决策树或者随机森林能够直接处理missing data吗?还是需要做预处理?
2个回答
一。决策树/随机森林(RF)直接处理missing data的方法:
1.CART中可用surrogate splits,但是根据Random Survival Forests,RF不推荐surrogate splits。
"Although surrogate splitting works well for trees, the method may not be well suited for forests. Speed is one issue. Finding a surrogate split is computationally intensive and may become infeasible when growing a large number of trees, especially for fully saturated trees used by forests. Further, surrogate splits may not even be meaningful in a forest paradigm. RF randomly selects variables when splitting a node and, as such, variables within a node may be uncorrelated, and a reasonable surrogate split may not exist. Another concern is that surrogate splitting alters the interpretation of a variable, which affects measures such as VIMP."

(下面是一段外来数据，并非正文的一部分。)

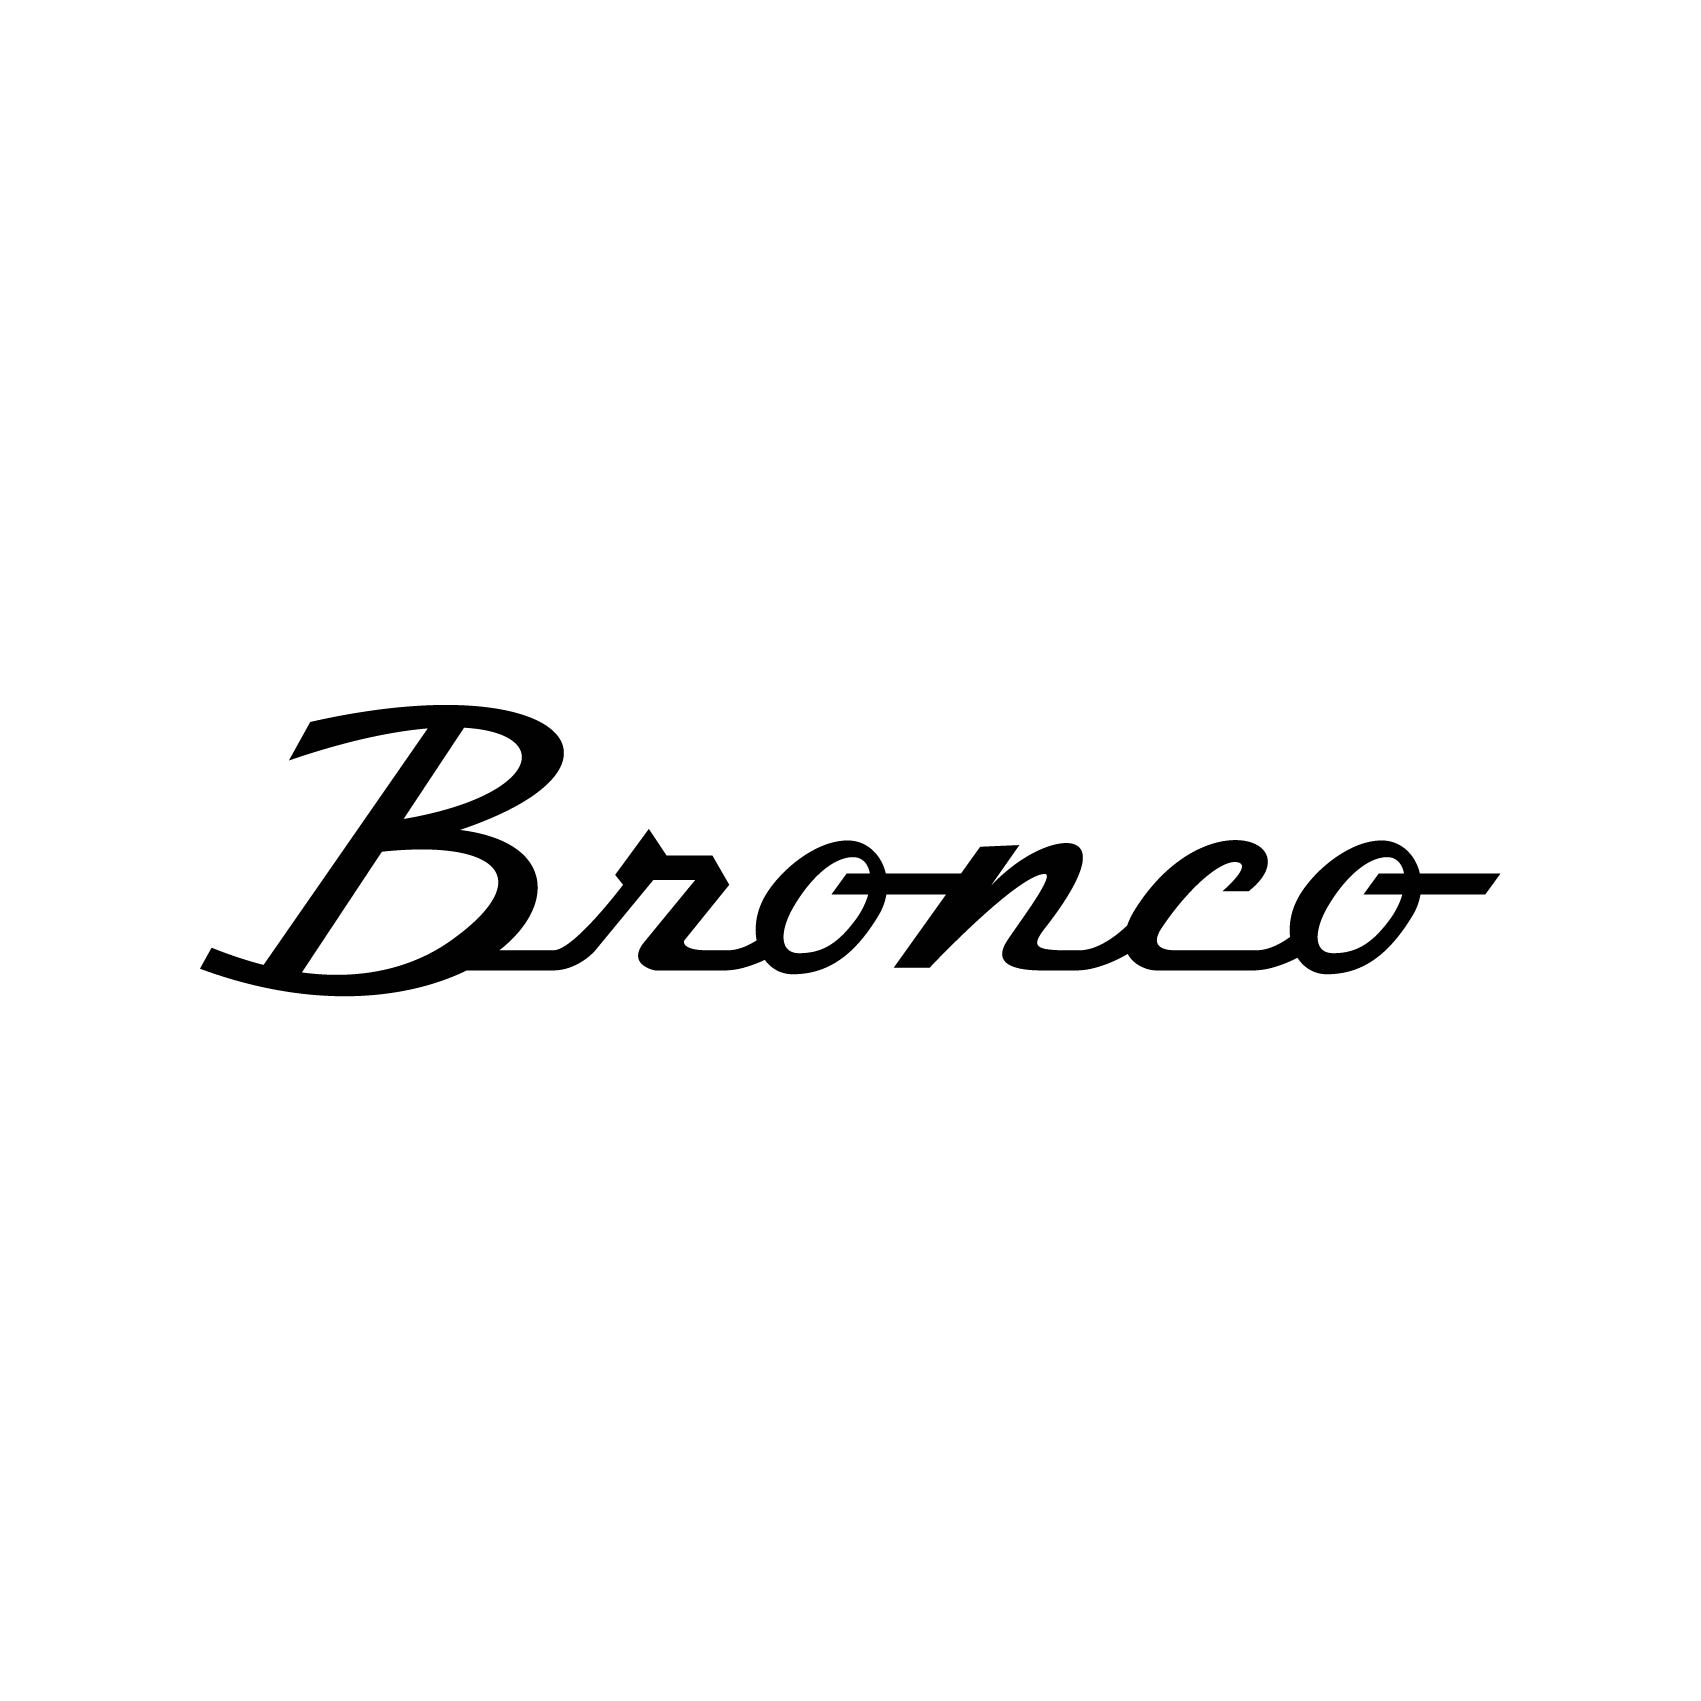 stickers-ford-bronco-ref8ford4x4-autocollant-ford-4x4-sticker-pour-tout-terrain-off-road

2.用C4.5代替CART,C4.5计算information gain时没直接用到missing data。
二。或者用填值(imputation)的方法预处理:
1.用average/median/mode填;或根据原始的RF,用加权后的average/median/mode填,权重是missing data point和其他data point的相识度。
2.用复杂算法去估计missing data,比如R中SVDmiss,交替地算SVD和填值。还有missRanger和missForest,交替的填值和进行随机森林。
3.这里提到"on the fly imputation" (OTFI),随机地填其他数据点中出现过的值,但是填充的值不用于split的计算。
4.Handling missing data in trees: surrogate splits or statistical imputation ?其中说填值方法计算量小,效果好。
我的理解是最好用填值,因为填值和训练是独立的两个步骤,填值后数据比较稳定,利于分析,且训练计算量小。对于决策树可以不用填值,但是随机森林需要填值。